Collected data: Begin
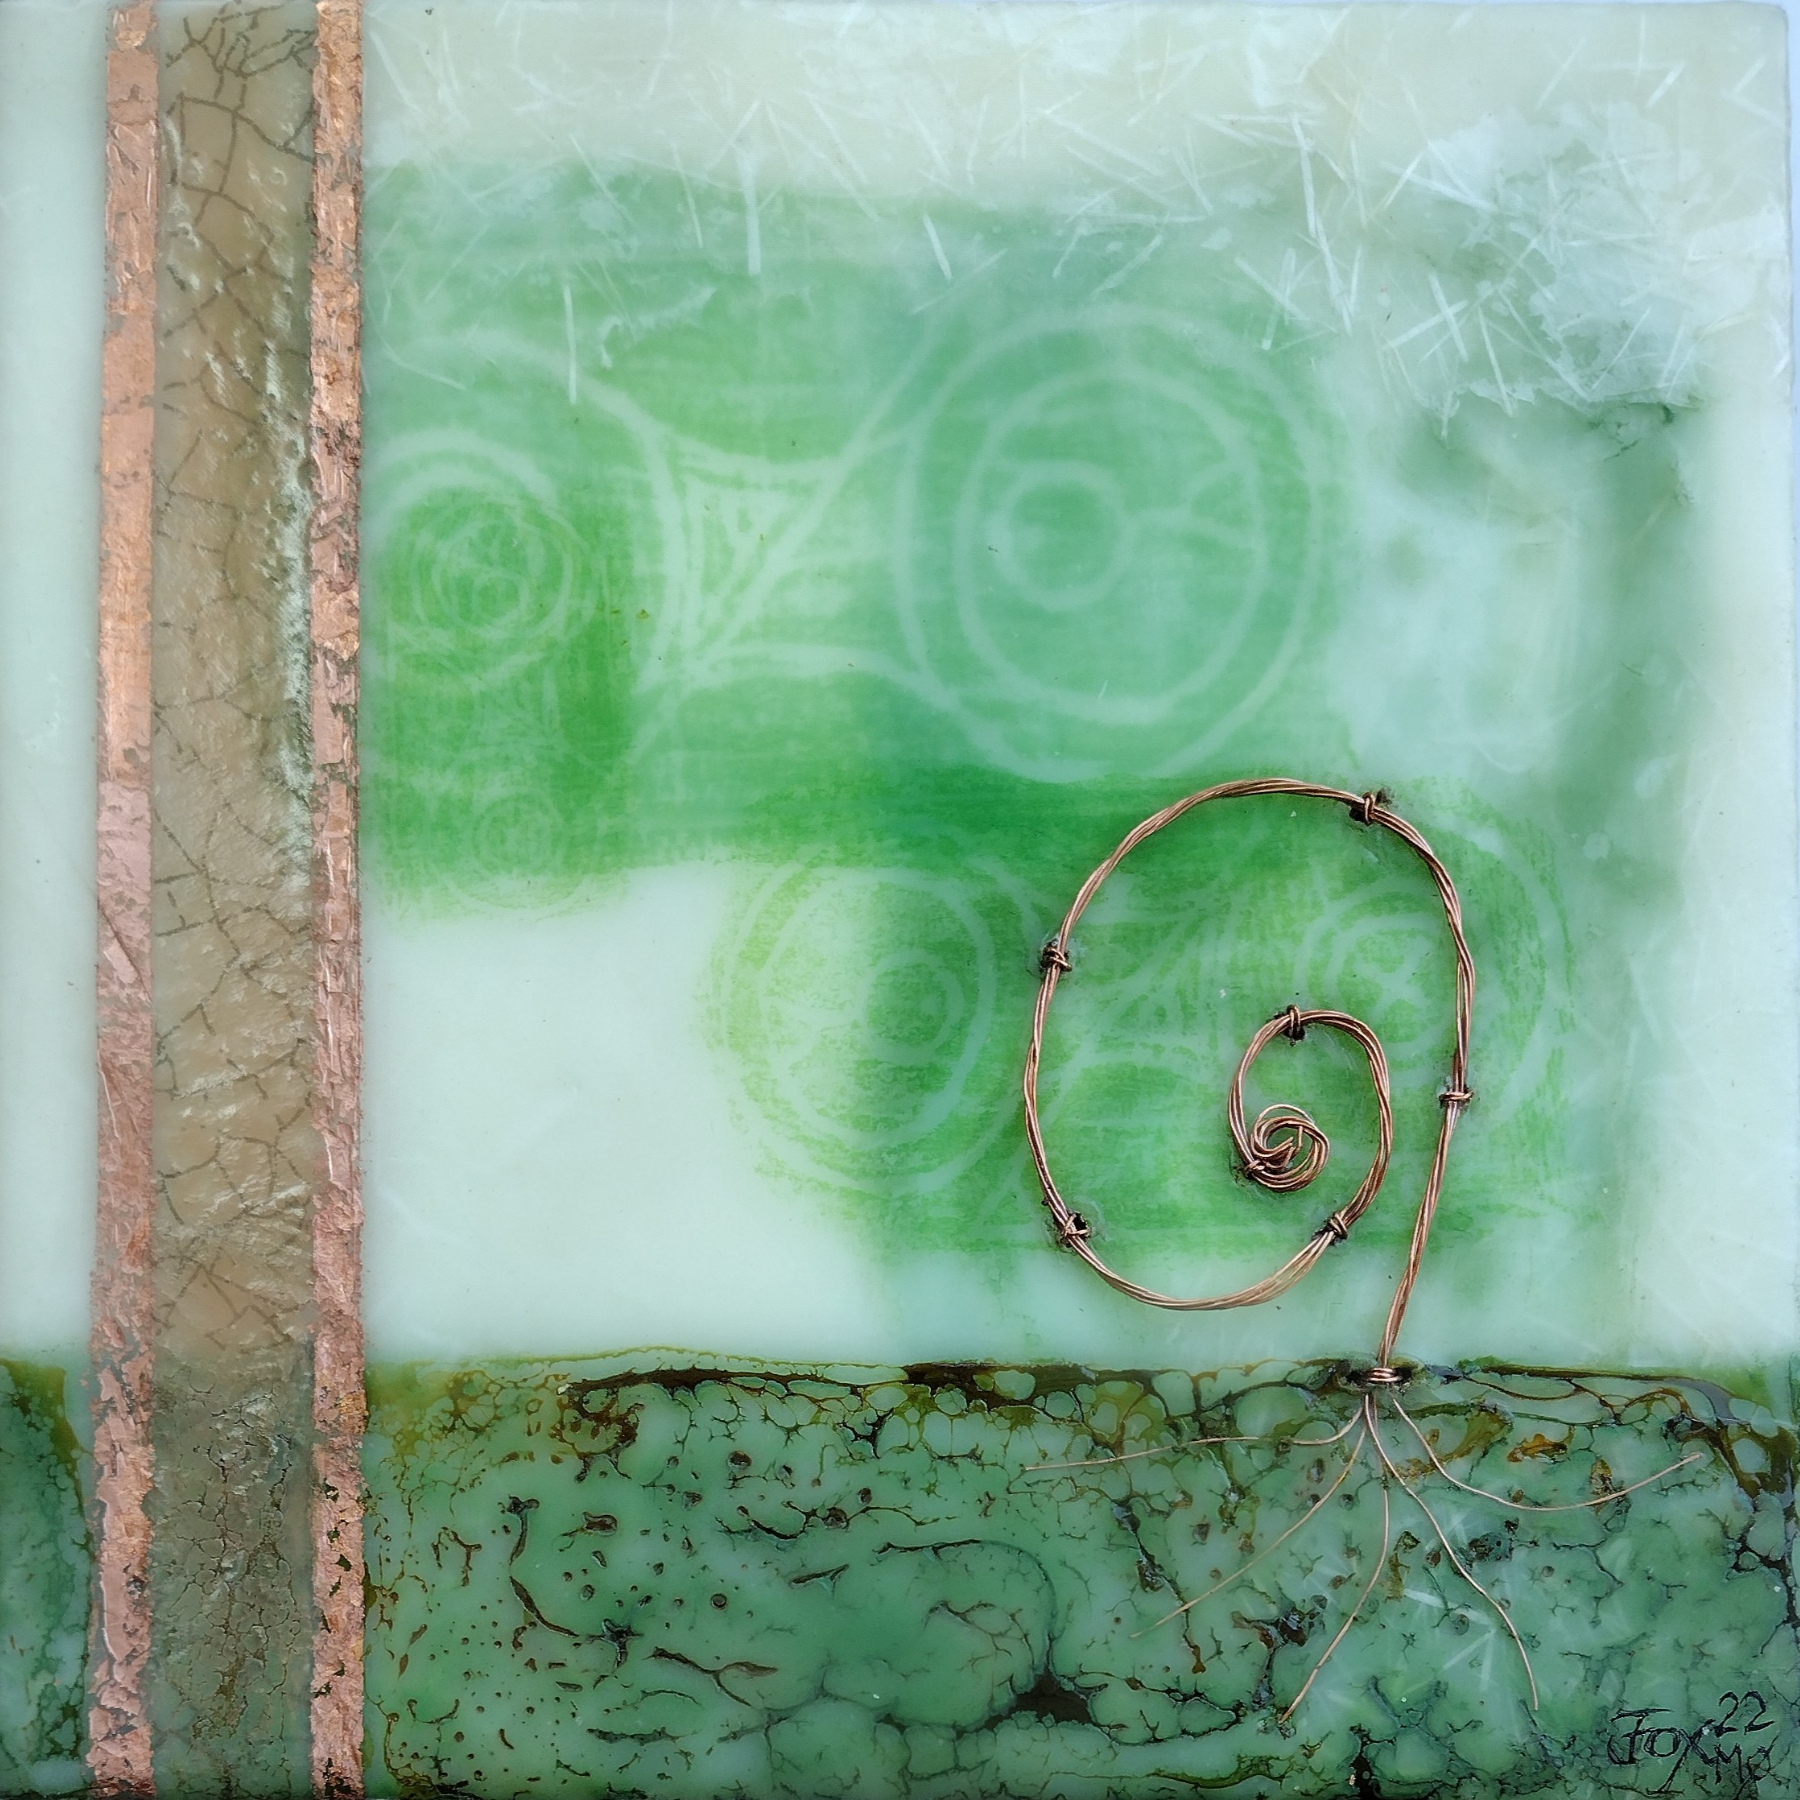 encaustic mixed media painting with green copper uncoiling by Janet Fox
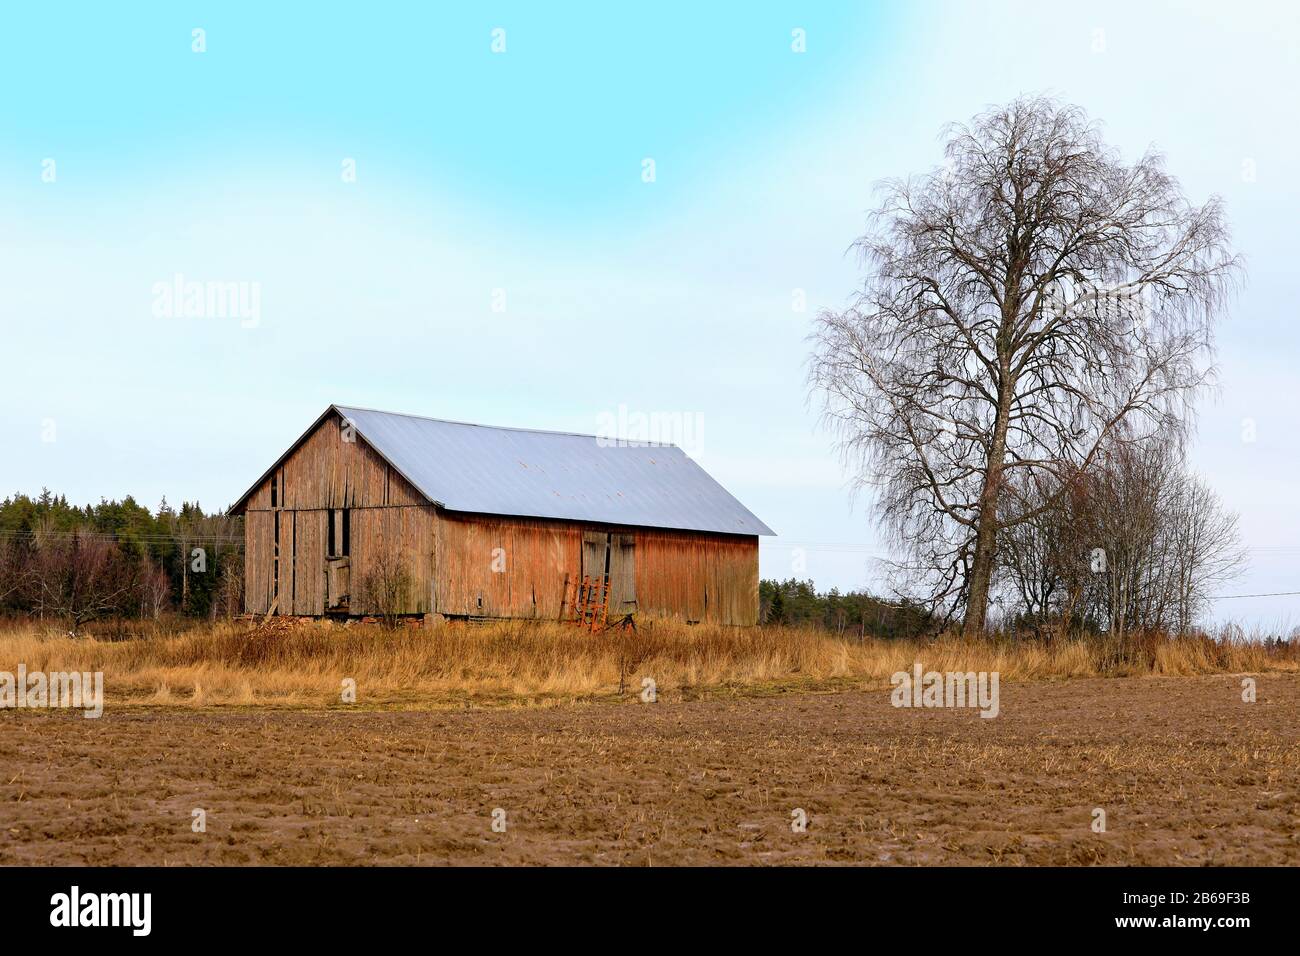 Old, nostalgic country barn seen better days with a tree and cultivated field on a semi sunny day of spring. Somero, Finland. March 7, 2020. Stock Photo
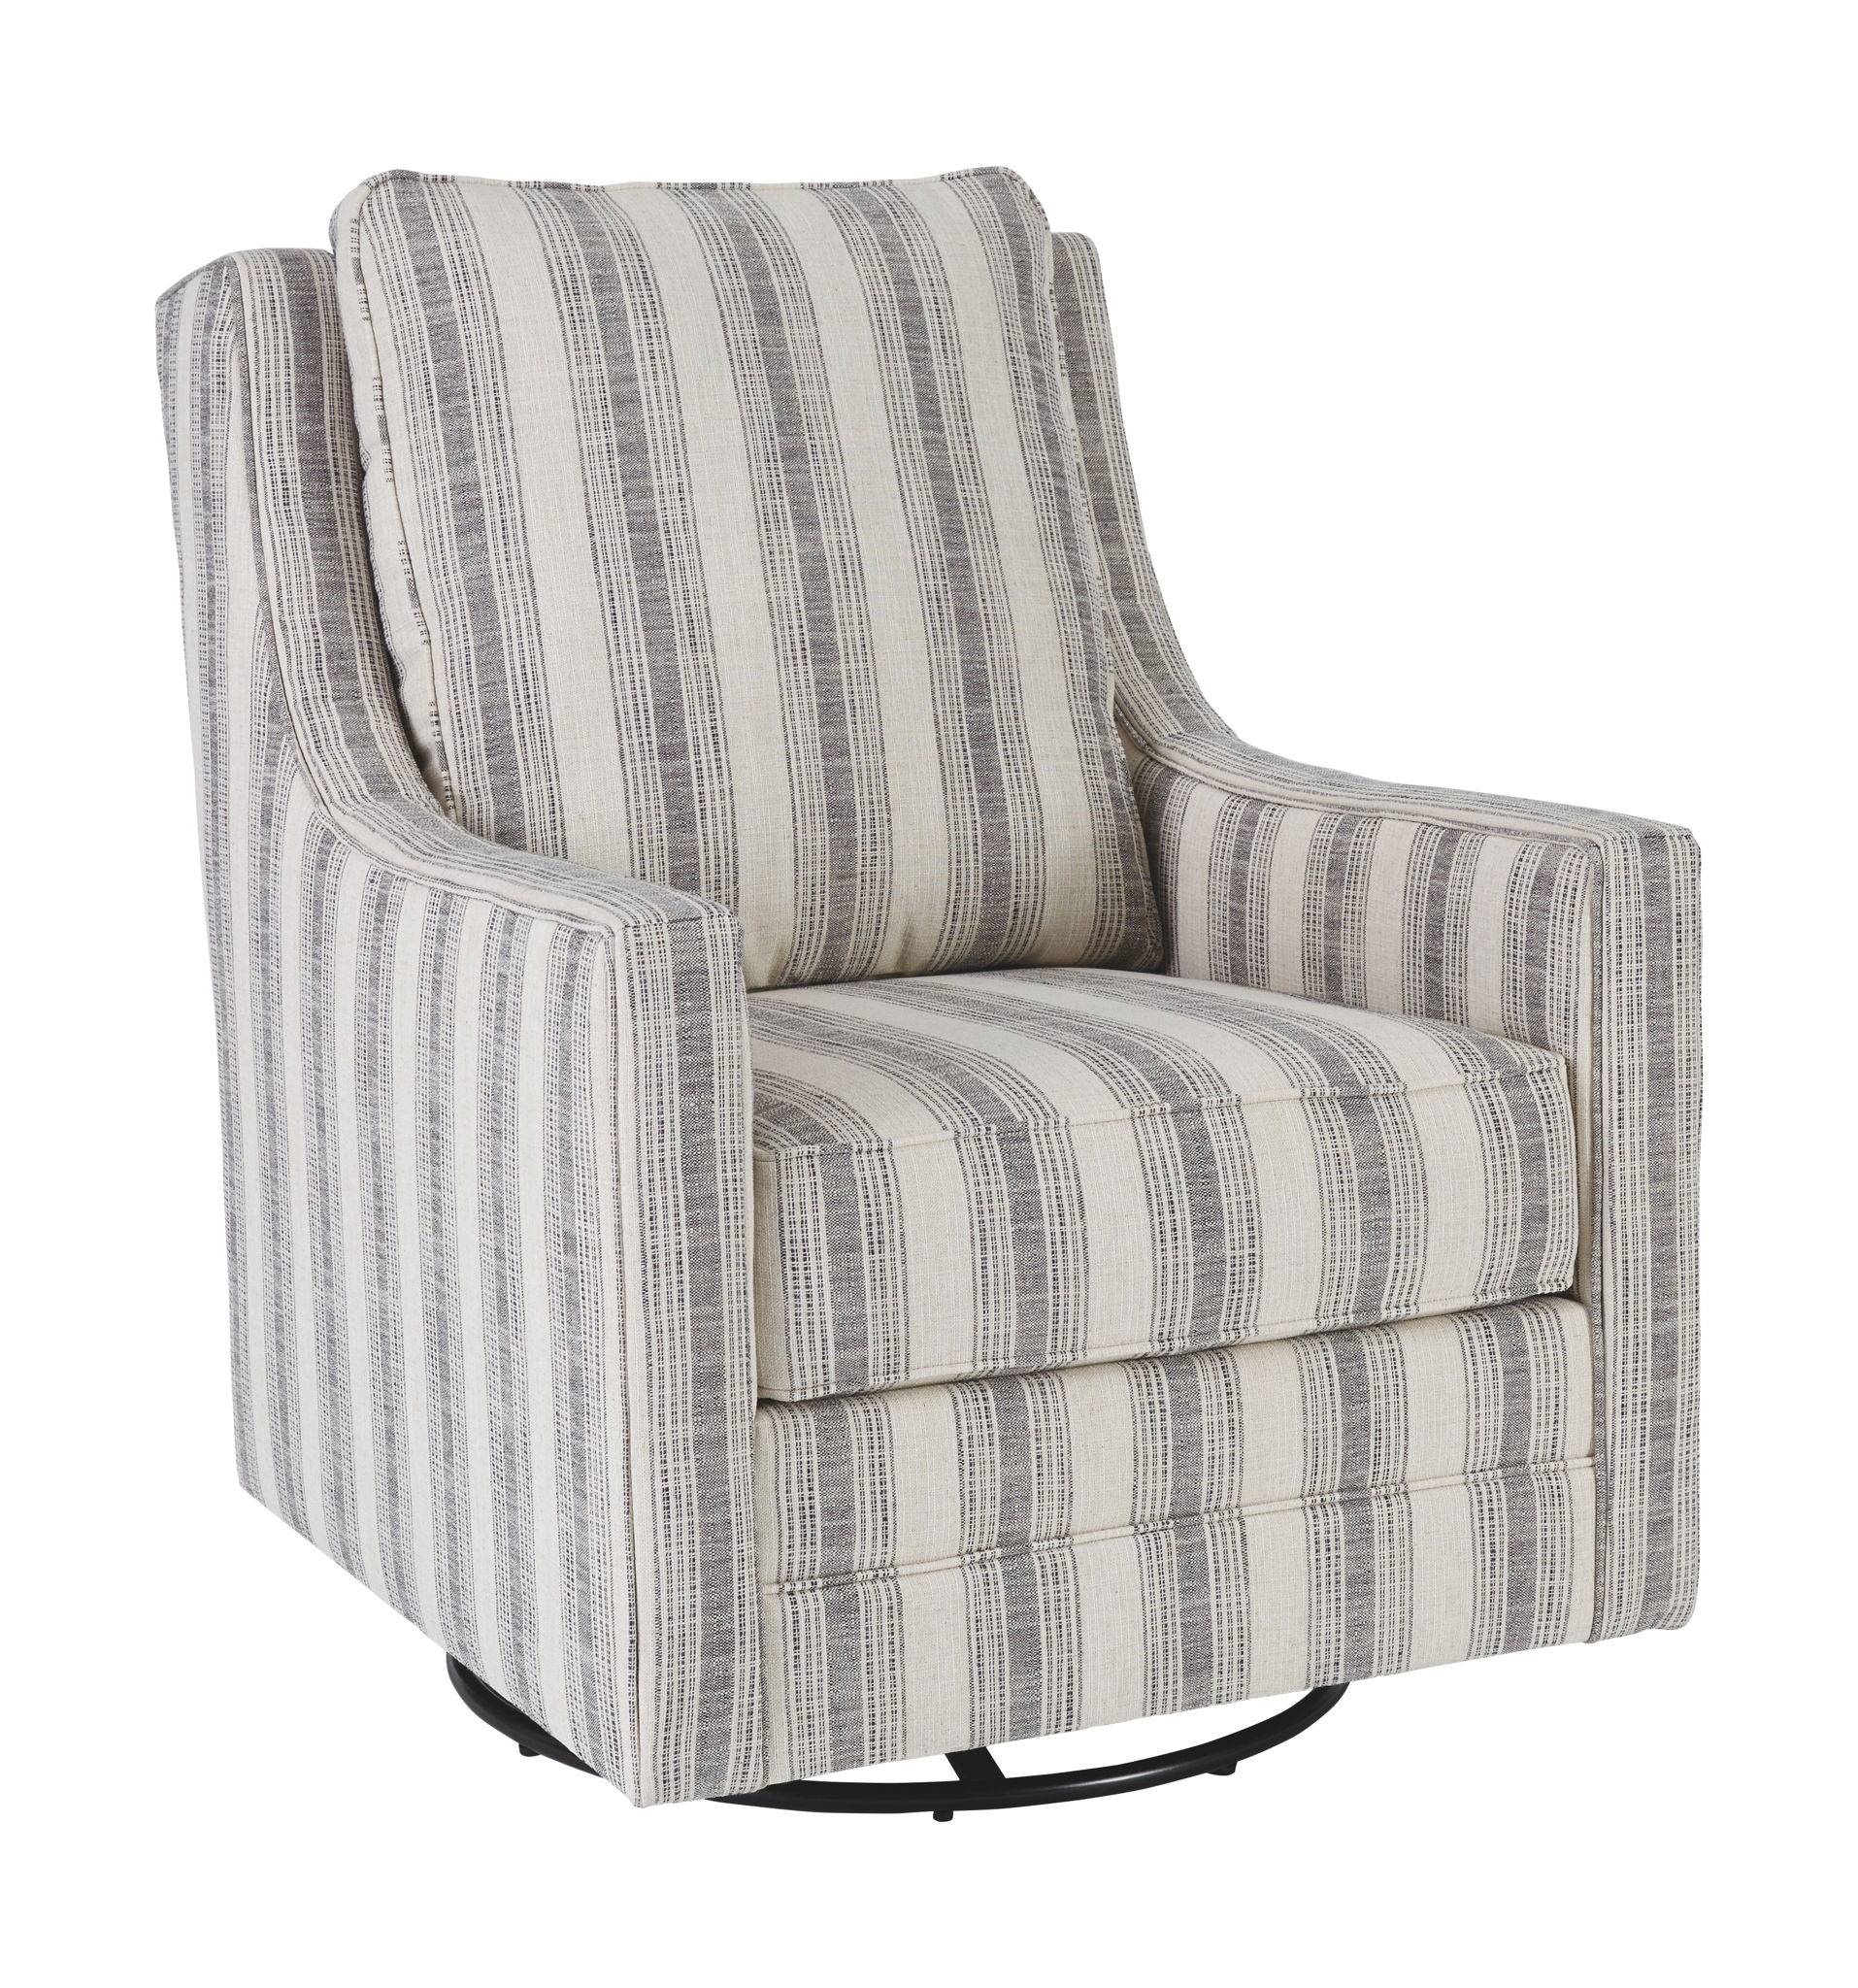 Kambria Ivory/Black Swivel Glider Accent Chair
Collected data: End
| Task to complete |
Exclude all images and return the listing word for word.

| Response for this exercise |
 encaustic mixed media painting with green copper uncoiling by Janet Fox
 Old, nostalgic country barn seen better days with a tree and cultivated field on a semi sunny day of spring. Somero, Finland. March 7, 2020. Stock Photo
 Kambria Ivory/Black Swivel Glider Accent Chair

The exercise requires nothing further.